EXERCISE OBJECTIVE » A faithful copy of all the data is required; pictures should not be included.

DATA EXTRACT »
BEGIN

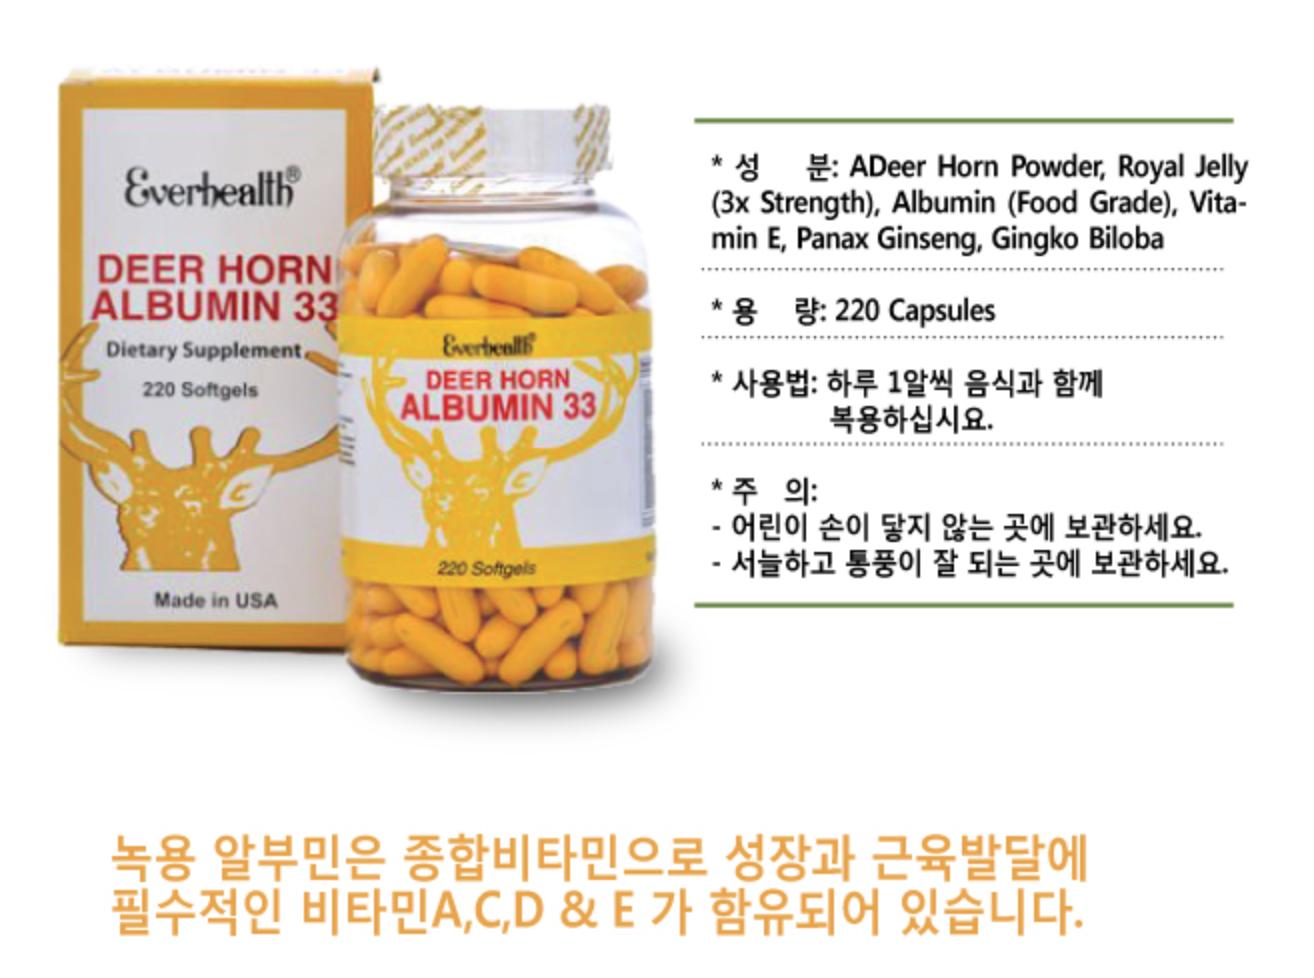 everhealth-deer-horn-albumin-33-2.png
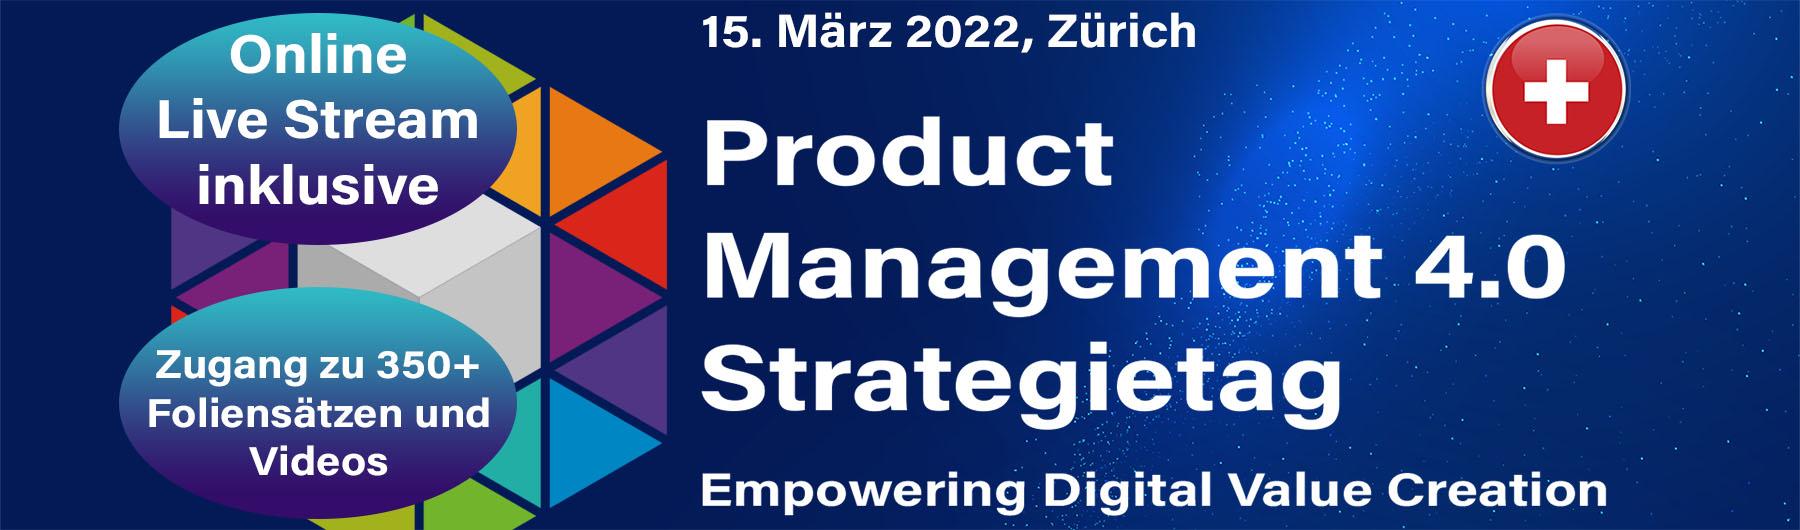 Product Management 4.0 Strategietag 2022
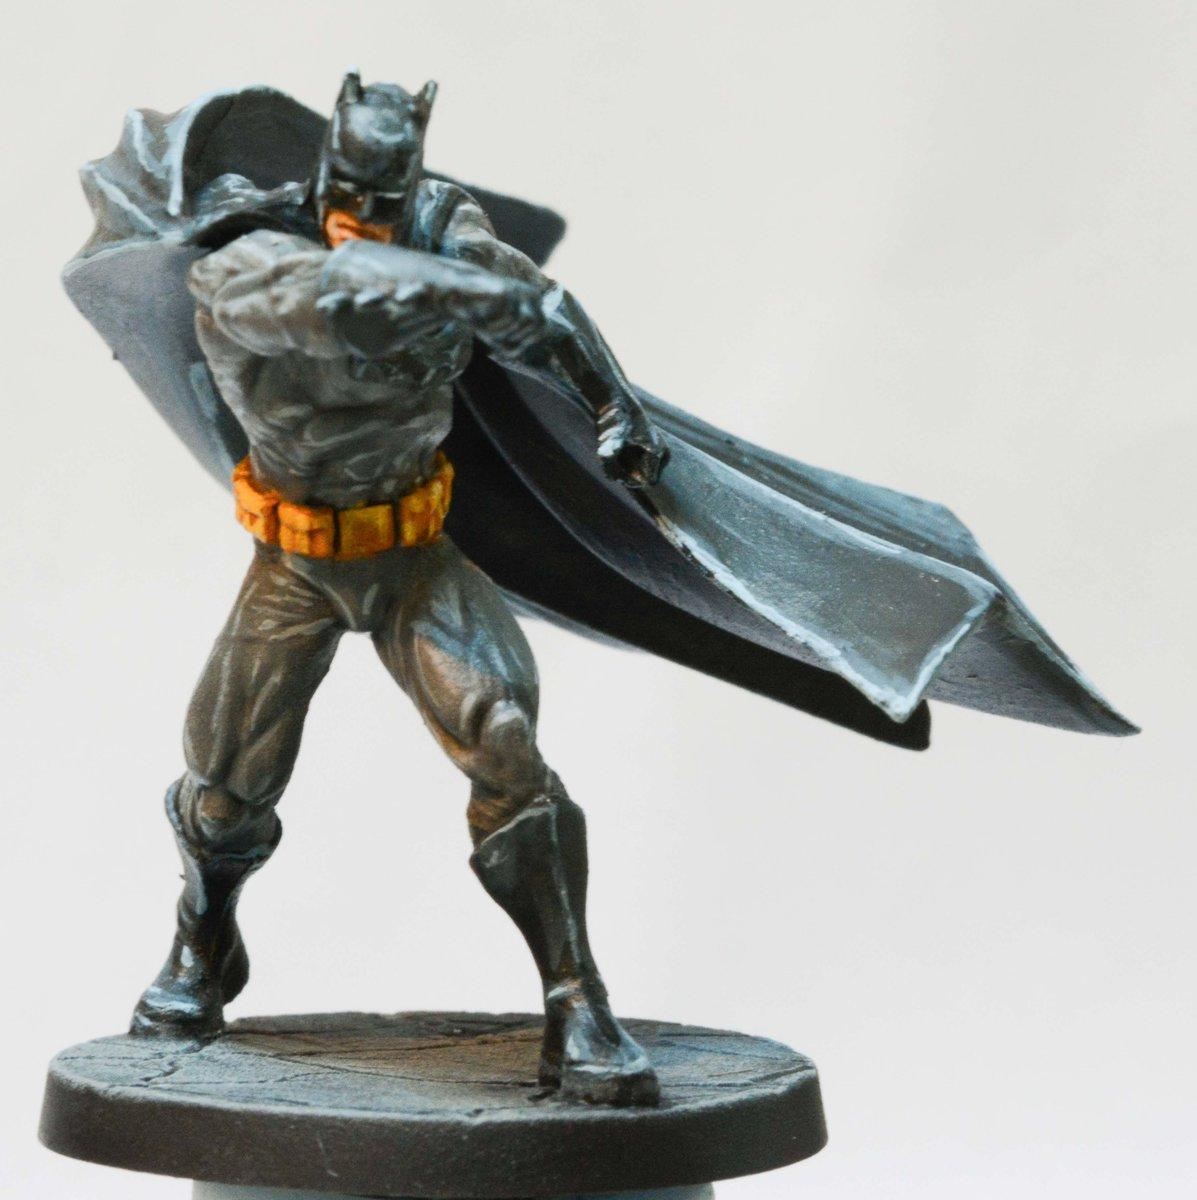 large.Batman-0148.JPG.ad794c3e5f95639305fce2d17b7eb621.JPG
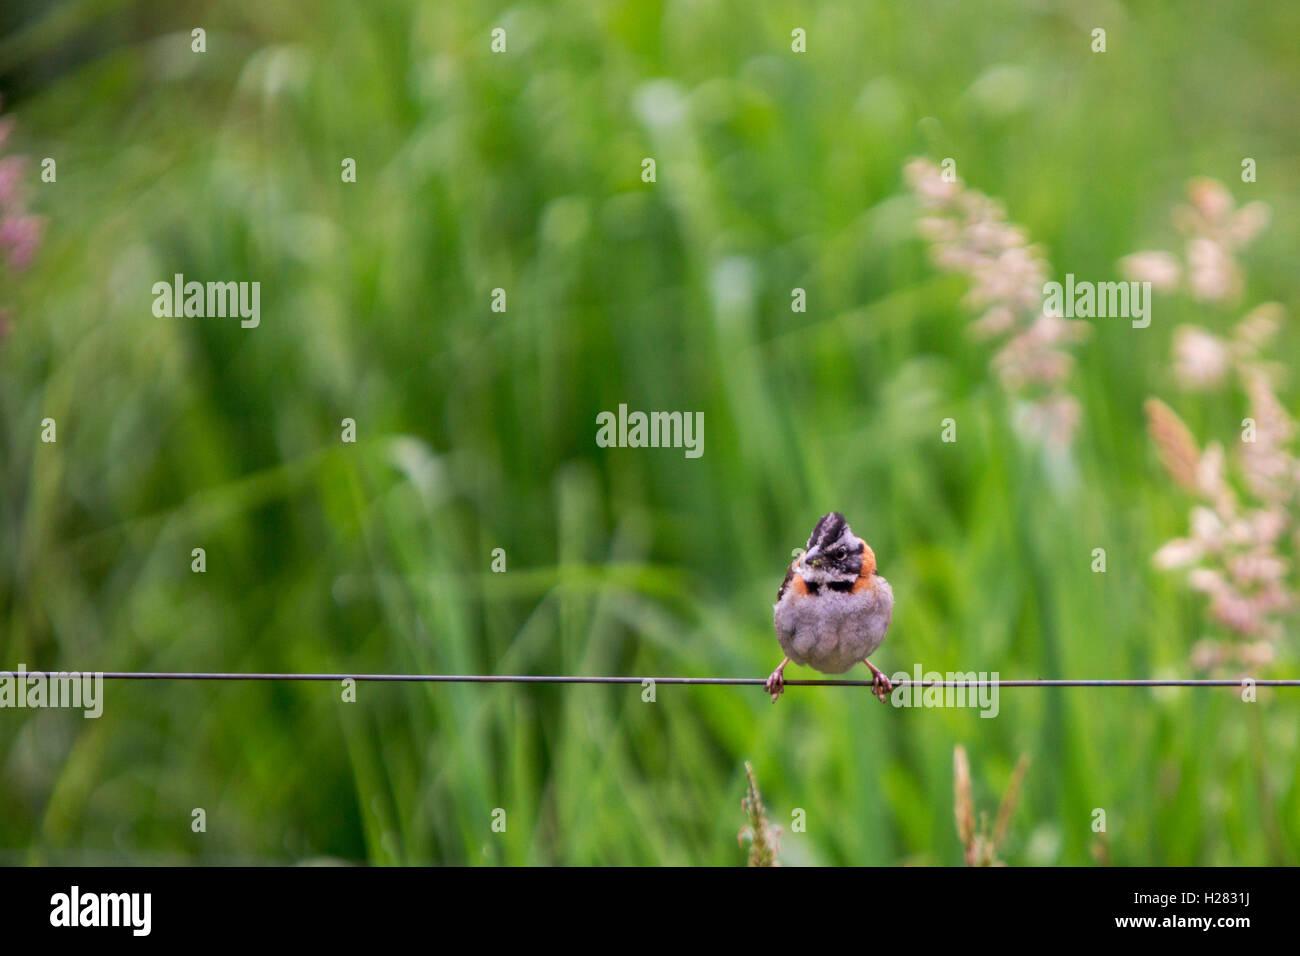 tiny bird on a wire Stock Photo

END

WRITTEN REPLY »
 everhealth-deer-horn-albumin-33-2.png
 Product Management 4.0 Strategietag 2022
 large.Batman-0148.JPG.ad794c3e5f95639305fce2d17b7eb621.JPG
 tiny bird on a wire Stock Photo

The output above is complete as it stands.